There will be one file generated at AMSI_3Dgenomics/results/Ring/step3_validation:

• Ring_chr7.validPairs: read ID (column 1), aligned position for end 1 (column2-6: chromosome, position, strand, corresponding restriction fragment, mid-point of correponding bin ), aligned position for end 2 (column7-11: chromosome, position, strand, corresponding restriction fragment, end 2 mid-point of correponding bin,

Step 4: Duplicates Removal

Linux commands can be fast in dealing with duplicates. Will check column 2, 3, 4, 5, 6, and 9 for PCR duplicates. We will first create a local temporary file for sorting as sometimes the sorting temporary files can grow too huge for the /tmp/ folder.

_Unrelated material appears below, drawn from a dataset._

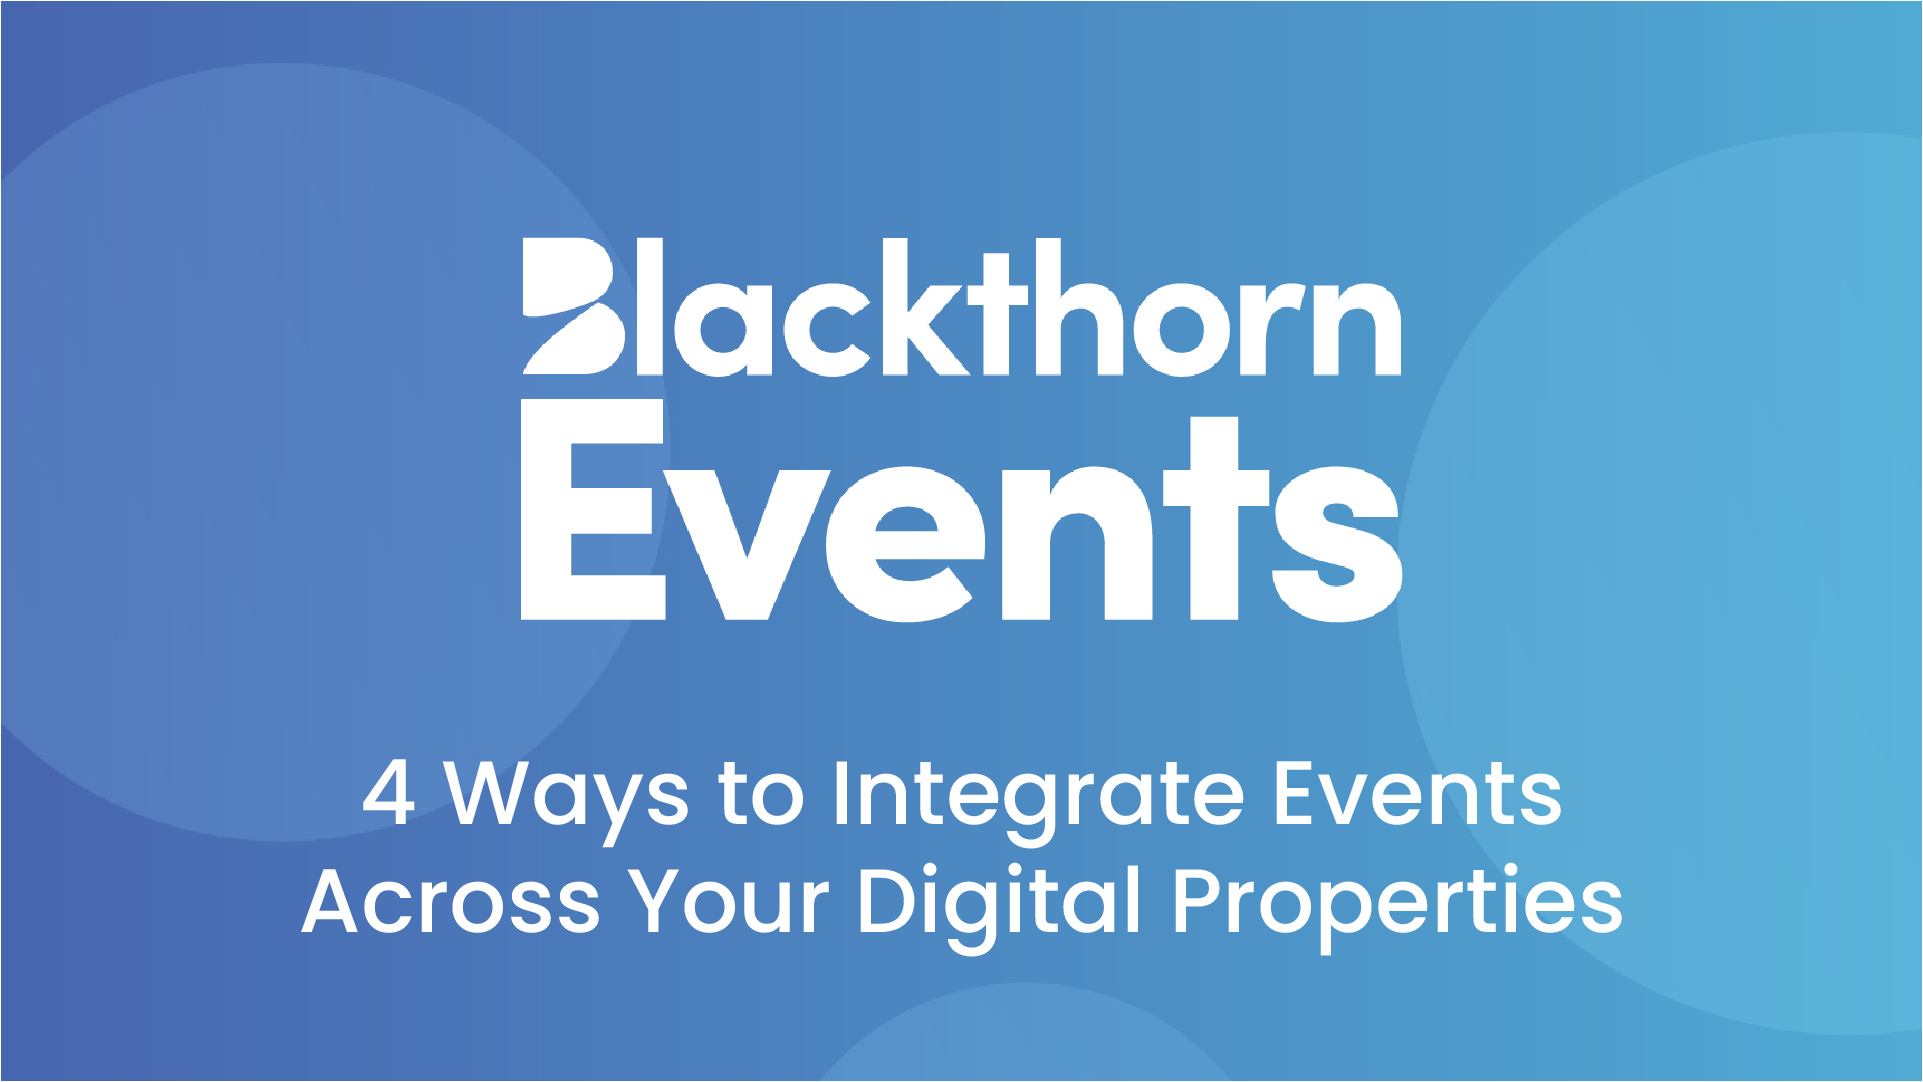 Integrating events across your digital properties

step4Path="AMSI_3Dgenomics/results/${stage}/step4_duplicatesRemoval"
mkdir -p $step4Path/sorttmp
sort -k2,2V -k3,3n -k4 -k7,7V -k8,8n -k9 -k1 -T $step4Path/sorttmp $step3Path/${stage}_chr7.validPairs | awk -v OFS="\t" 'BEGIN{c1=0;c2=0;p1=0;p2=0;s1=0;s2=0;}(c1!=$2 || c2!=$7 || p1!=$3 || p2!=$8 || s1!=$4 || s2!=$9 ){print;c1=$2;c2=$7;p1=$3;p2=$8;s1=$4;s2=$9}' >$step4Path/${stage}_chr7.validPairs.noDup
rmdir ${step4Path}/sorttmp

Or using the aggregated script.

bash AMSI_3Dgenomics/scripts/step4_duplicatesRemoval.sh "${step3Path}/${stage}_chr7.validPairs" "${step4Path}/${stage}_chr7.validPairs.noDup" "$step4Path" "$summaryFile"

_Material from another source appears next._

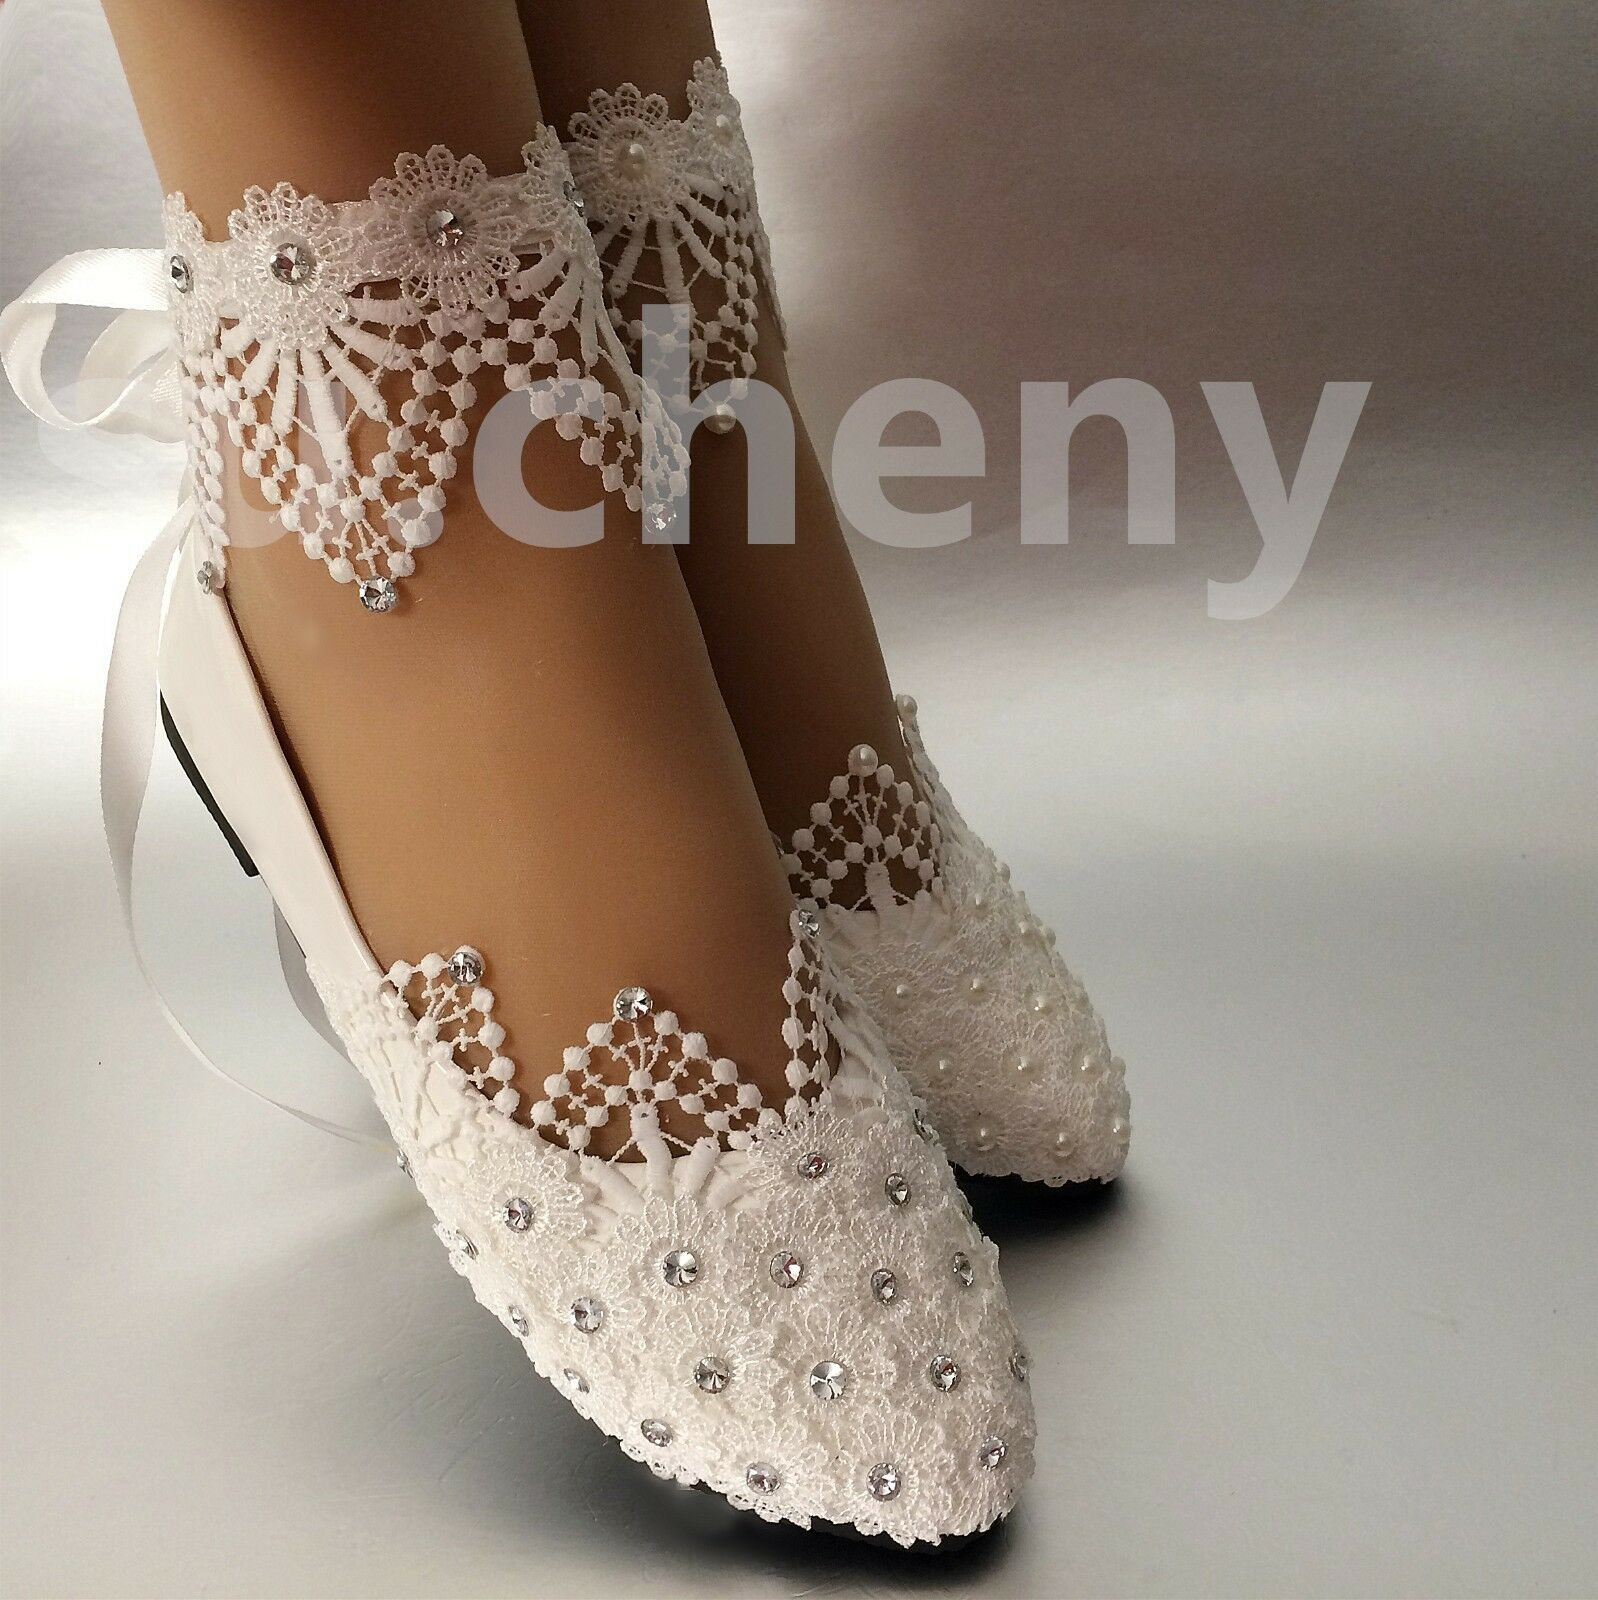 3fff6794afa su.cheny White light ivory lace pearl rhinestone ankle flat Wedding Bridal  shoes

There will be one file generated at AMSI_3Dgenomics/results/Ring/step4_duplicatesRemoval which is a subset of Ring_chr7.validPairs.

• Ring_chr7.validPairs.noDup

Step 5: Genome Binning

Bin the genome by a fixed window size and count the number of interactions for each bin pairs, namely how many read pairs falling within such bin pair.

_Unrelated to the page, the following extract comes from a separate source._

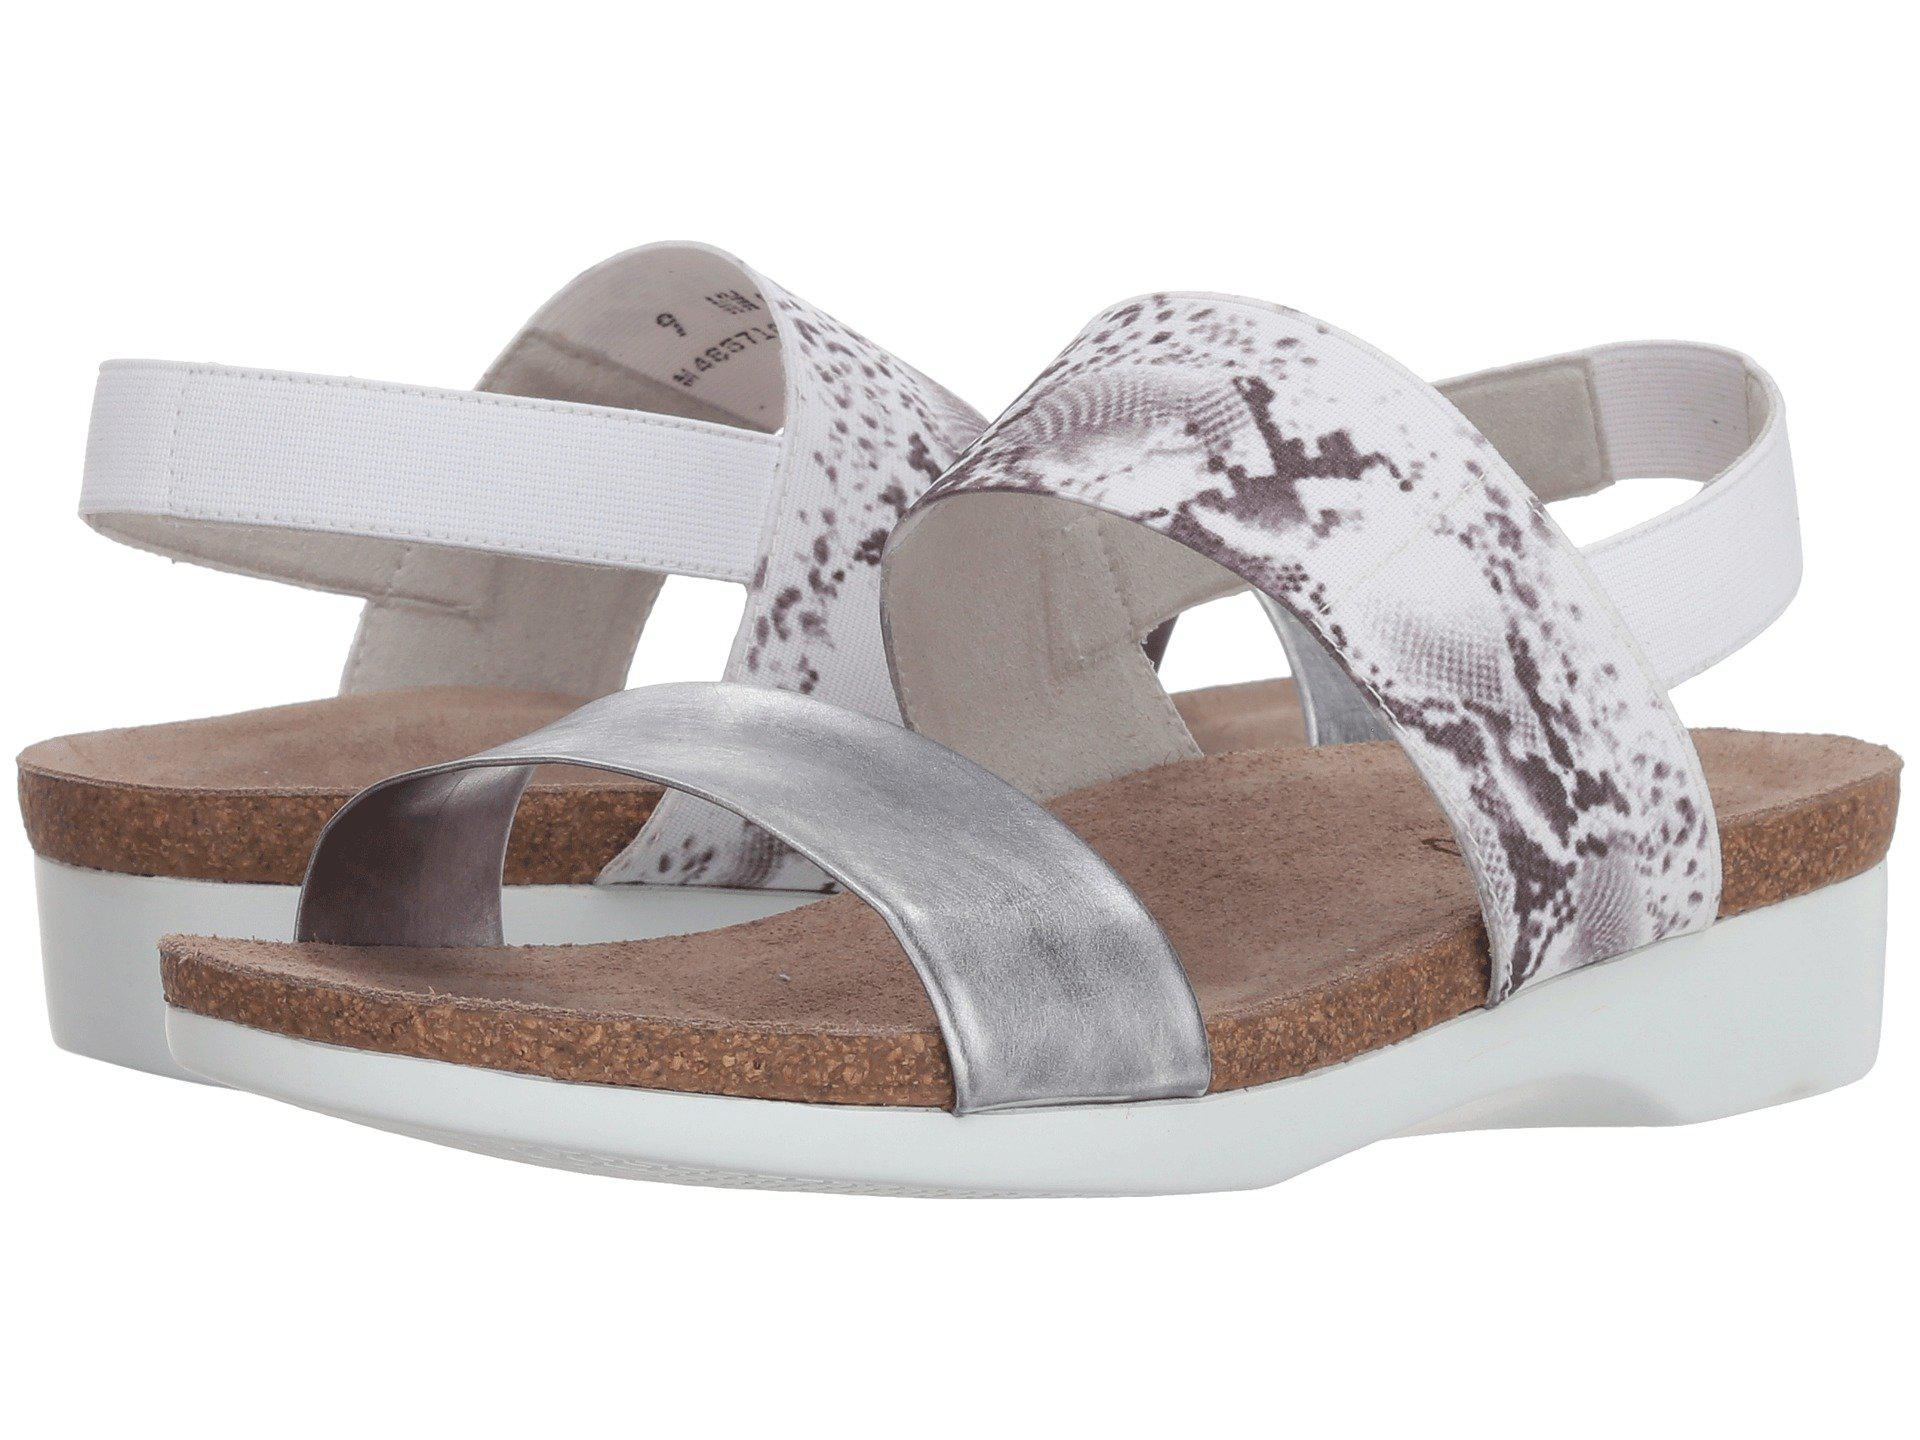 99a6c43e2 Lyst - Munro Pisces (white/black Fabric Combo) Women's Sandals

step5Path="AMSI_3Dgenomics/results/${stage}/step5_bin"
mkdir -p $step5Path/sorttmp
awk '{print $2, $6, $7, $11}' $step4Path/${stage}_chr7.validPairs.noDup | sort -T ${step5Path}/sorttmp | uniq -c | awk -v OFS="\t" '{print $2, $3, $4, $5, $1}' | sort -k1,1V -k2,2n -k3,3V -k4,4n -T ${step5Path}/sorttmp >${step5Path}/${stage}_chr7.binPairs
        
rm -rf ${step5Path}/sorttmp

There will be one file generated at AMSI_3Dgenomics/results/Ring/step5_bin:

• Ring_chr7.binPairs: chromosome A - mid point of bin A - chromosome B - mid point of bin B - number of interactions between chromosome A bin A and chromosome B bin B.

Step 6: Normalization

KR normalization to smooth the contact matrix.

chromSizeFile="AMSI_3Dgenomics/Plasmodium/supportData/plasmodium.chrom.sizes"
sparsePerc=10
step6Path="AMSI_3Dgenomics/results/${stage}/step6_normalization"

python3 AMSI_3Dgenomics/scripts/step6_normalization_KR.py -r $resolution -l $chromSizeFile -c "chr7" -tr $sparsePerc -f ${step5Path}/${stage}_chr7.binPairs -o $step6Path

There will be three files generated at AMSI_3Dgenomics/results/Ring/step6_normalization:

• Ring_chr7.binPairs.KRnorm: chromosome A - mid point of bin A - chromosome B - mid point of bin B - normalized number of interactions between chromosome A bin A and chromosome B bin B.

• Ring_chr7.binPairs.KRnorm.bias: Bias at each bin that have interactions. This one can be used as input for downstream analysis such as Fit-Hi-C for significant interaction detection.

• Ring_chr7.binPairs.KRnorm.biasAll: Bias at each bin that has interactions or has 0 interaction.